===== Supplied information

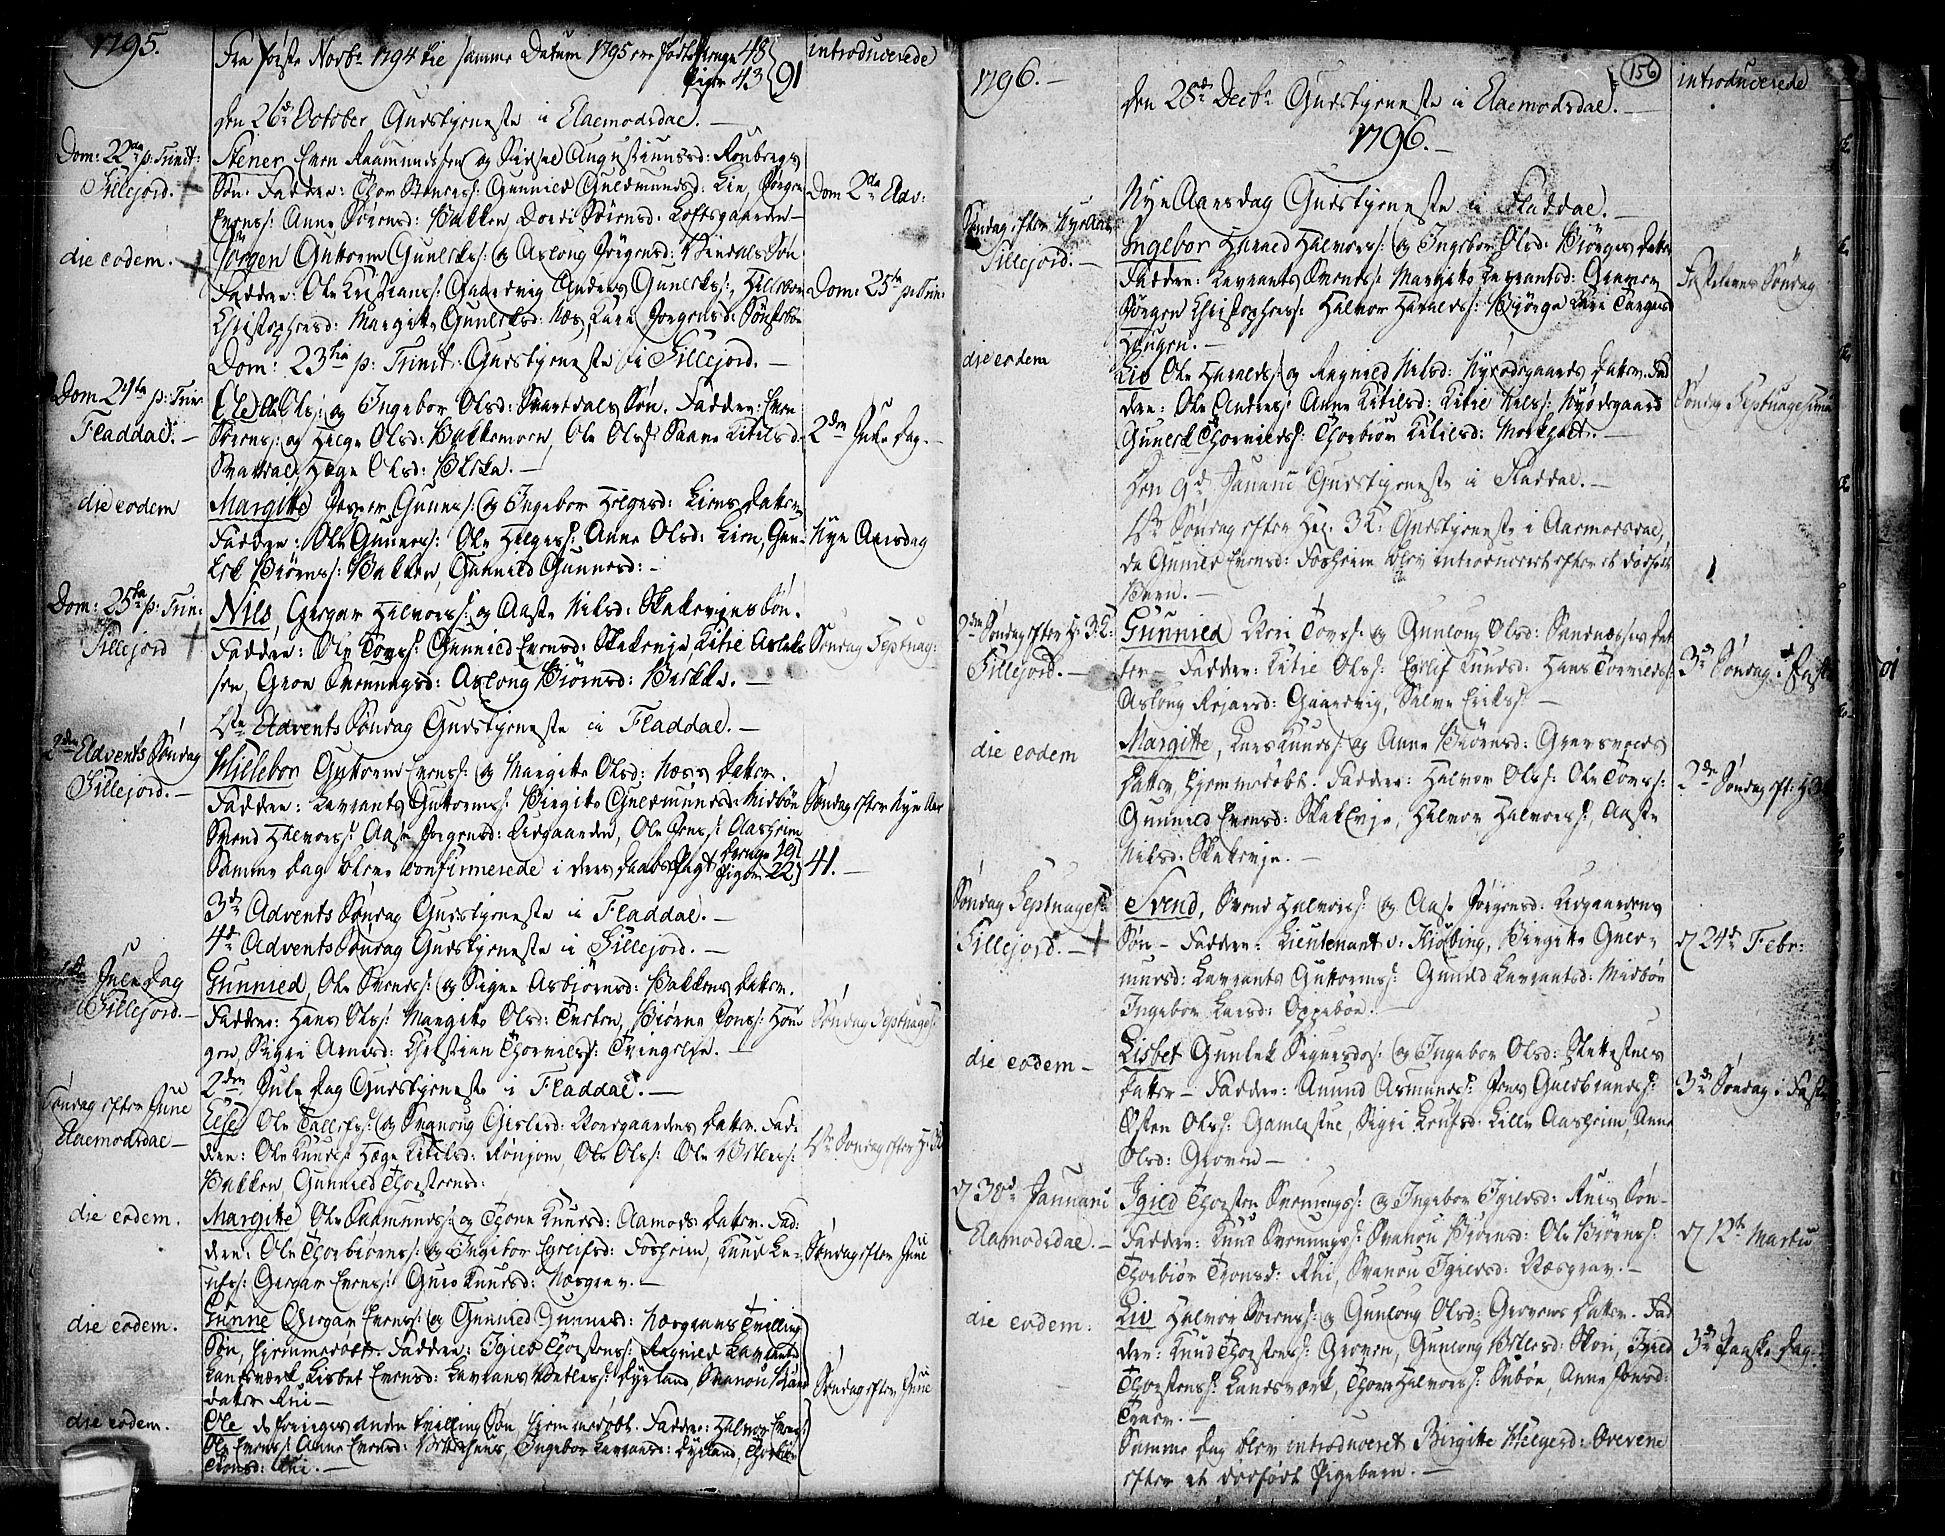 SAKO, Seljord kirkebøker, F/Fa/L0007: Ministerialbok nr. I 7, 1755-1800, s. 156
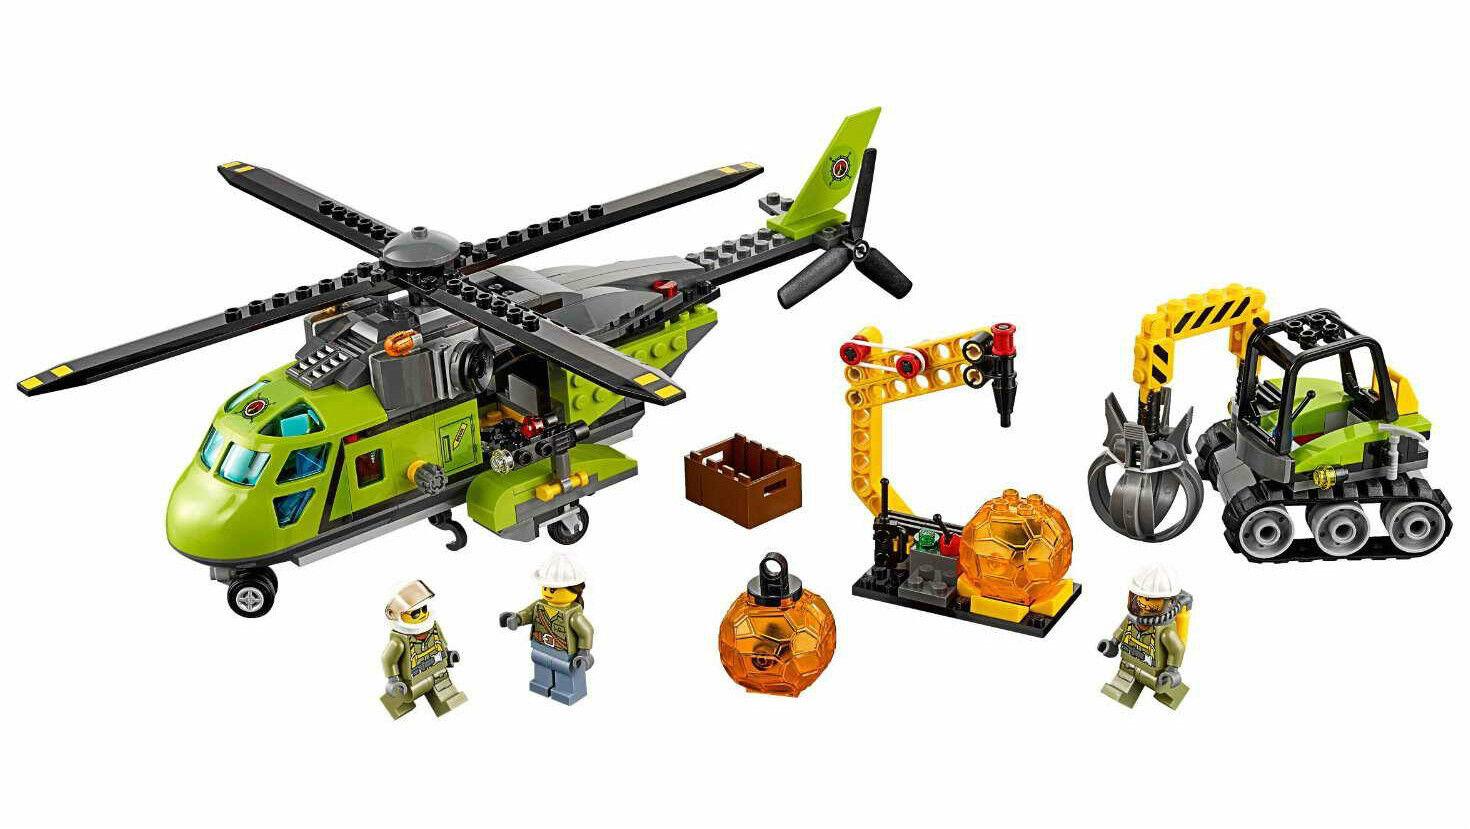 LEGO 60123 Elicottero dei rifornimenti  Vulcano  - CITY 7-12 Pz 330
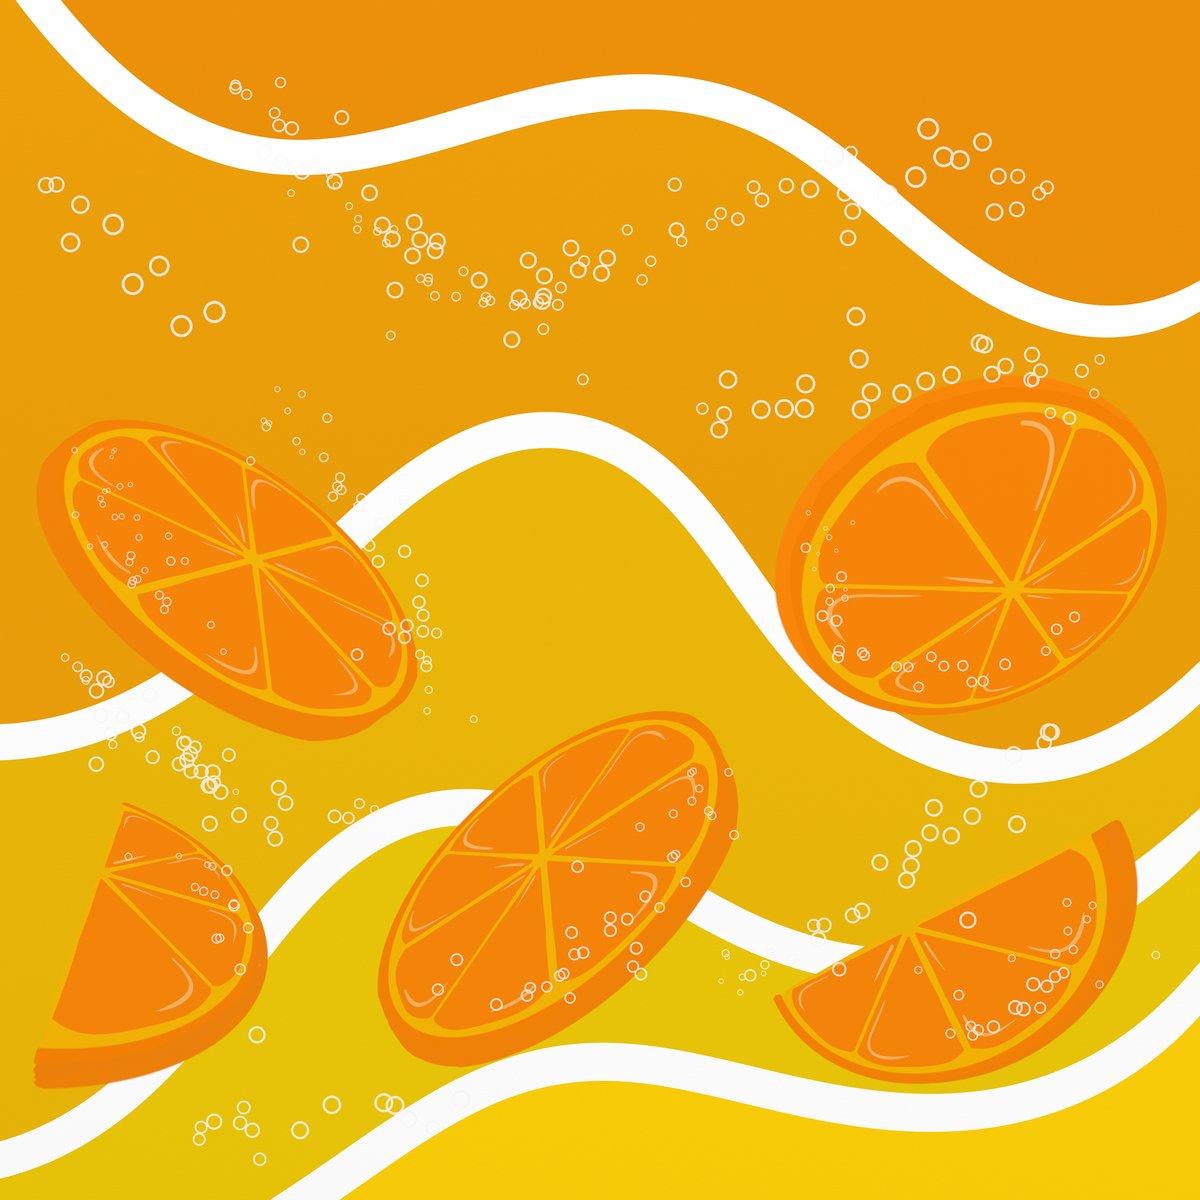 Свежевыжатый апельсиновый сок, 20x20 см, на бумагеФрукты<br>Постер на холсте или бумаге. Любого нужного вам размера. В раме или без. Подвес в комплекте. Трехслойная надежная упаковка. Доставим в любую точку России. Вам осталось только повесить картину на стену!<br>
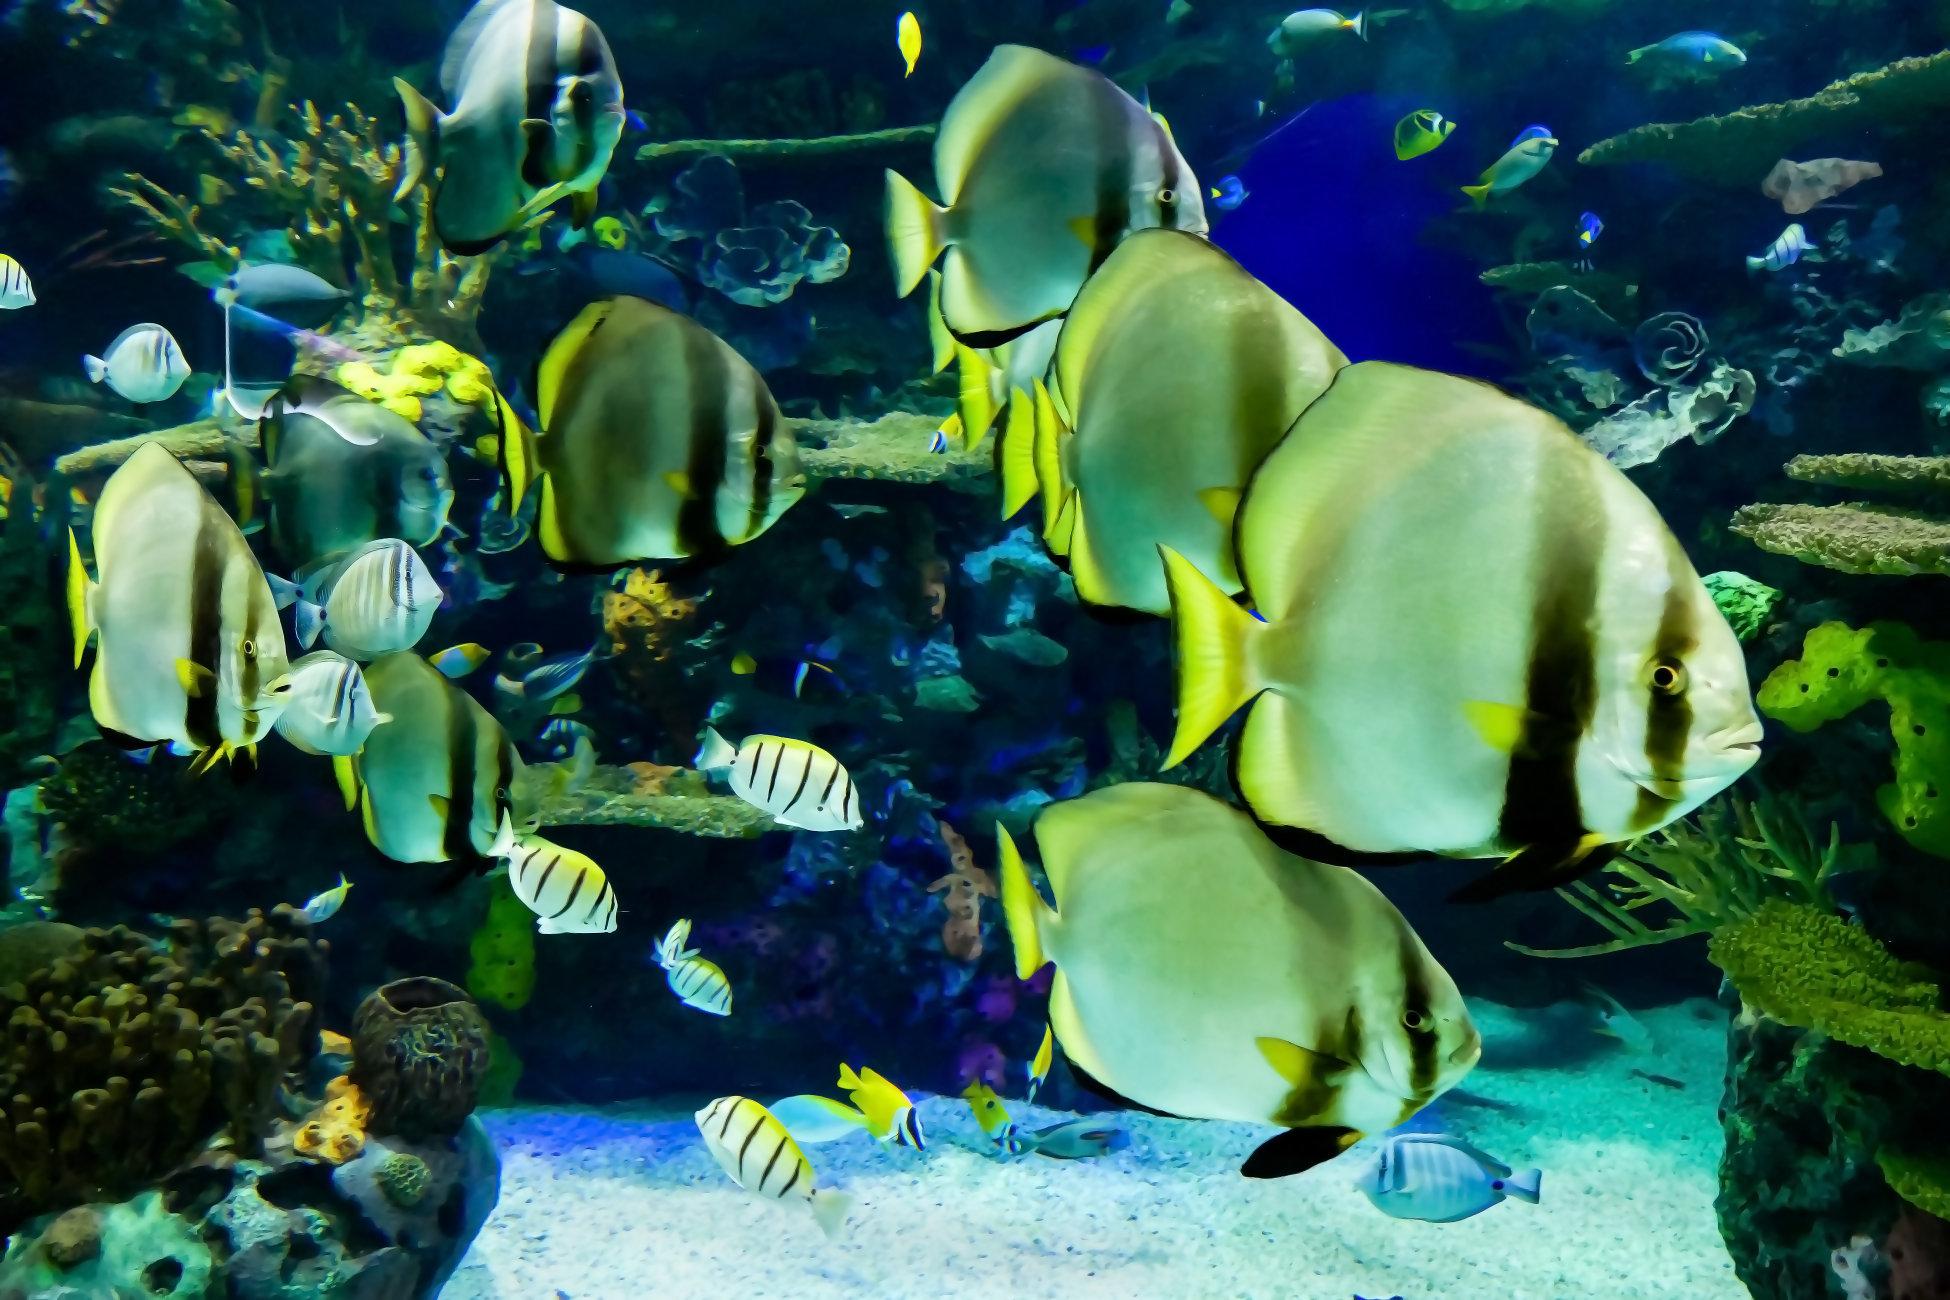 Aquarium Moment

==========

▶ _Task description_:
Print all the lines above again exactly, without any pictures.

▶ _Completed task_:
 SAKO, Seljord kirkebøker, F/Fa/L0007: Ministerialbok nr. I 7, 1755-1800, s. 156
 LEGO 60123 Elicottero dei rifornimenti  Vulcano  - CITY 7-12 Pz 330
 Свежевыжатый апельсиновый сок, 20x20 см, на бумагеФрукты<br>Постер на холсте или бумаге. Любого нужного вам размера. В раме или без. Подвес в комплекте. Трехслойная надежная упаковка. Доставим в любую точку России. Вам осталось только повесить картину на стену!<br>
 Aquarium Moment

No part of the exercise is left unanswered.